> _PROBLEM REQUIREMENTS_: Give the data again word for word; drop the pictures.

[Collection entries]
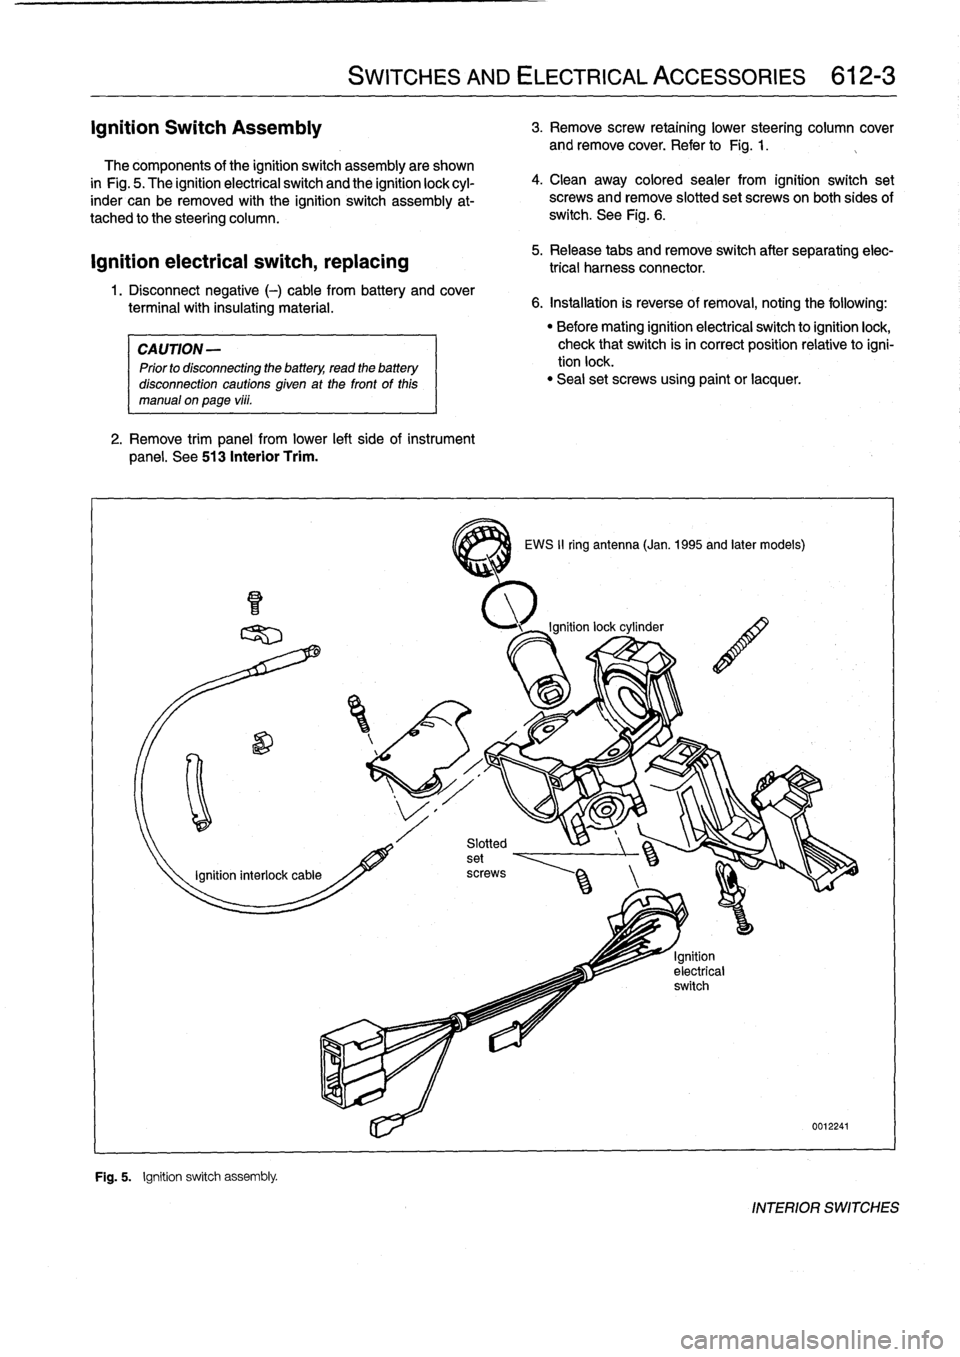 BMW 325i 1996 E36 Owners Manual 
Ignition
Switch
ASsembly

	

3
.
Remove
screw
retaining
lower
steering
column
cover
and
remove
cover
.
Refer
to
Fig
.
1
.

	

,

The
components
of
the
ignition
switch
assembly
are
shown

in
Fig
.
5
.

> _EXERCISE SOLUTION_:
 BMW 325i 1996 E36 Owners Manual 
Ignition
Switch
ASsembly

	

3
.
Remove
screw
retaining
lower
steering
column
cover
and
remove
cover
.
Refer
to
Fig
.
1
.

	

,

The
components
of
the
ignition
switch
assembly
are
shown

in
Fig
.
5
.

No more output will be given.